Я изумленно уставился на свой обнаженный торс. Привычного шрама от штыка на груди не оказалось, – чистая и гладкая кожа на том самом месте. Потянулся в щеке, где жизнь оставила другую отметину, – под Дербентом, лезгинской шашкой.
Там тоже не нащупал шрама, лишь двухдневную щетину, хотя брился несколько часов назад (по своему счету несколько часов, а когда на самом деле состоялось или состоится то бритье, поди знай).
Все-таки день сурка… Вернее, век. Вернее, плевать, сколько в точности длится цикл, гораздо важнее другое: что мне делать? Пошлепать босиком и голышом на хутор Солигхунд? Дорогу туда не позабыл, но стоит ли в точности повторять пройденное? Может, лучше с самого начала двинуться иным путем?
Поразмыслить над этими вопросами мне не удалось. Потому что над поляной прозвучал негромкий мелодичный смех – тот самый, каким проводил меня капитан Форрет.
Только Форетта рядом не было, и вообще никого не было, словно само это место потешалось над незадачливым Сергеем Чернецовым. Над графом, над генерал-аншефом, над Андреевским кавалером, над владельцем поместий и крепостных душ, – в одночасье все потерявшим, превратившимся в глупого сурка, бегающего по кругу.
Она все это время наблюдала за мной. А я ее не видел. И лишь когда смех прозвучал еще раз, уставился в ту сторону, откуда он доносился, внимательно приглядываясь.
Есть такие картинки, не помню их название, – при беглом взгляде никогда не разглядишь, что там нарисовано. Надо поднести к глазам, внимательно всмотреться, расфокусировав зрение, – и из совокупности мелких разноцветных деталек внезапно складывается рисунок.
Нечто похожее произошло и сейчас. Только что видел лишь густой куст орешника, склонившийся над ручьем, и вдруг понял: сплетение ветвей, листьев, теней и солнечных зайчиков складывается в женский силуэт.
Там стояла не Агнета, конечно же… Совсем юная девушка – незнакомая и в то же время неуловимо кого-то напоминавшая.
Кожа белая, сияющая, ни следа загара. Длинные каштановые волосы наполовину прикрывают грудь. Или наполовину открывают… На голове венок из дубовых листьев.

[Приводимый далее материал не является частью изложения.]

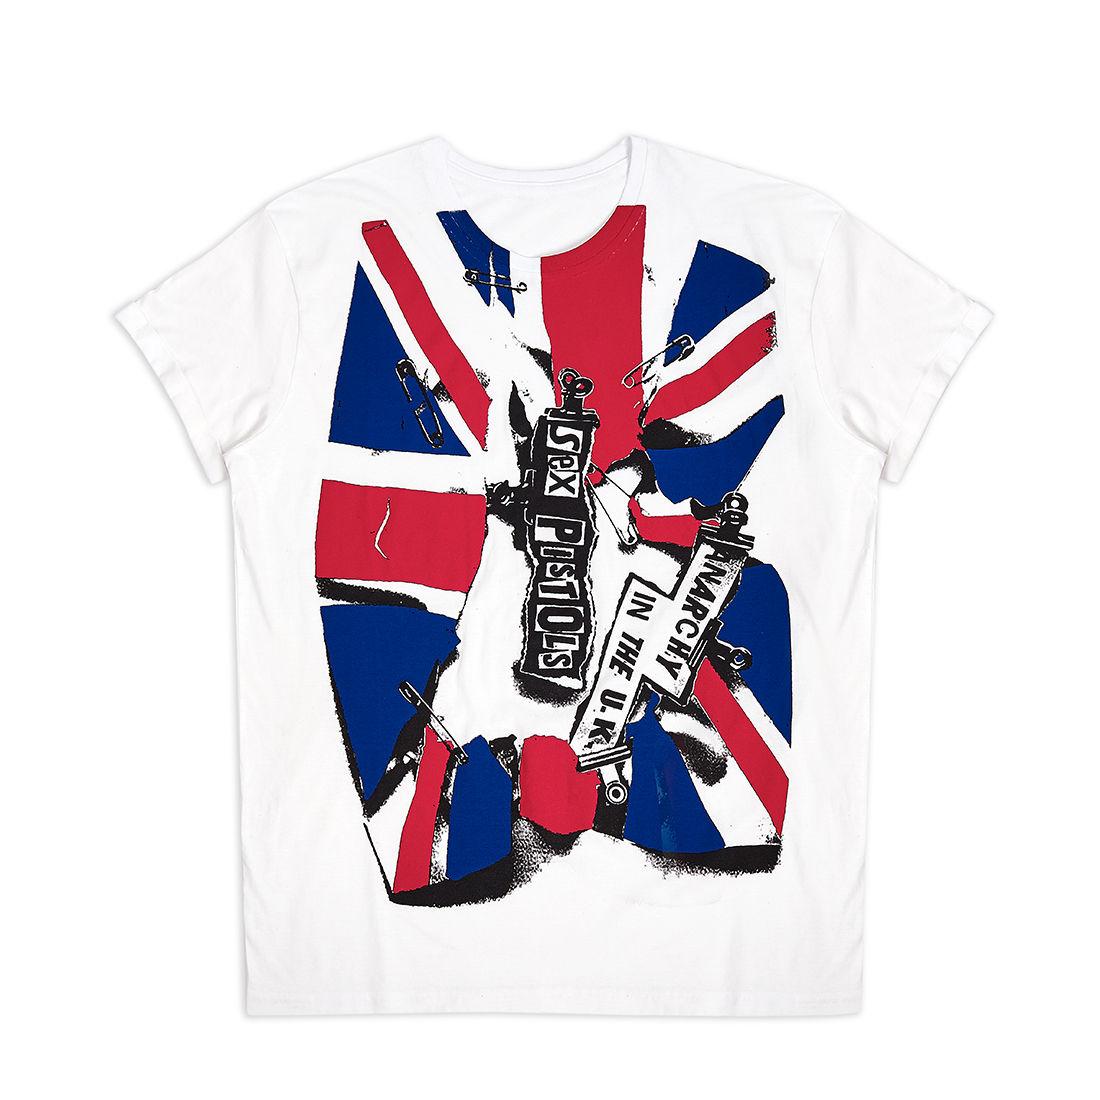 cbe378a309e Sex Pistols  ANARCHY IN THE UK T-Shirt - L

Тот факт, что девушка полностью обнажена – если не считать венок за одежду – дошел с секундным запозданием. Очень уж естественный был у нее вид. Словно именно так и полагается гулять по летнему лесу. Впрочем, не мне было ее судить, сам стоял, как Адам до грехопадения.

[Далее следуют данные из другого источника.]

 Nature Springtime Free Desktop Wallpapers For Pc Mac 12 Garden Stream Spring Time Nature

Она шагнула вперед, произнесла пару слов, незнакомых и певучих. Я наконец сообразил, с кем довелось повстречаться (исключительно благодаря знакомству с Нейей сообразил), и ответил на русском. Дриада, раз уж пошла на контакт, способна общаться на любом языке.
Хотя более чем удивительно, что она сама заговорила со мной, что вообще показалась на глаза, – дриады славятся своей нелюдимостью, и для того есть веские причины.

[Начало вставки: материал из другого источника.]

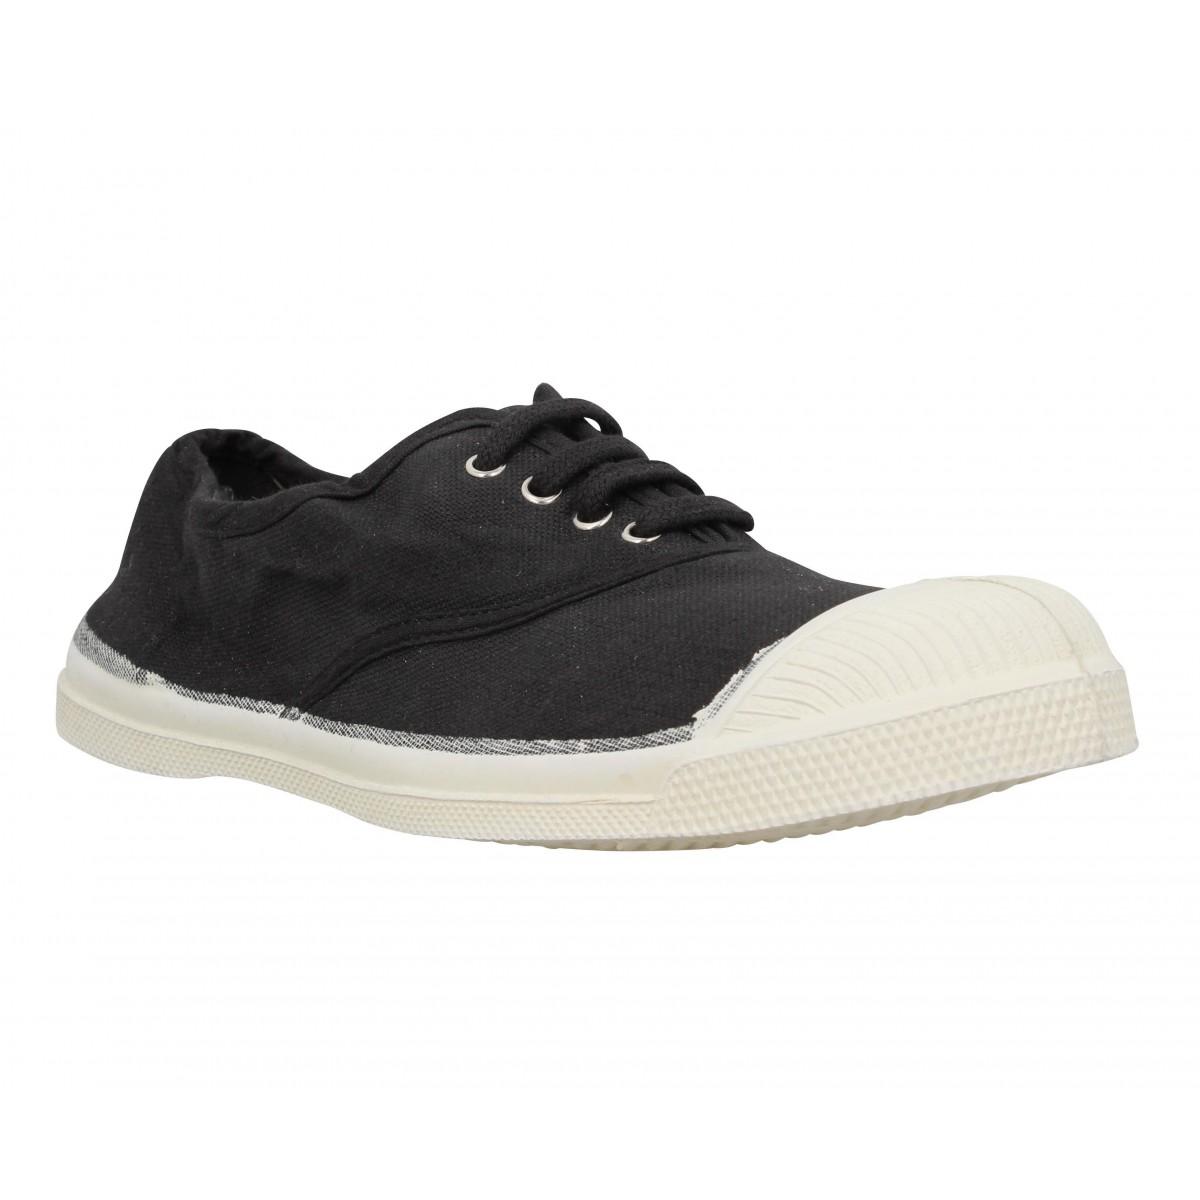 24236cf2682ffa Bensimon lacet toile femme carbone | Fanny chaussures

Чуть позже я не удержался, спросил:
– Почему ты решила заговорить со мной?
За время, проведенное на хуторе Солигхунд, мне доводилось водить знакомство и с лесорубами, и с охотниками, но они ничего конкретного о здешних дриадах не знали, а если иногда в легендах и преданиях упоминались «лесные девы», то рассказчики не отличали их от русалок…
– Ты одинок, – ответила Балайна, – ты чужой в этом мире. И ты не срубил ни одного живого дерева.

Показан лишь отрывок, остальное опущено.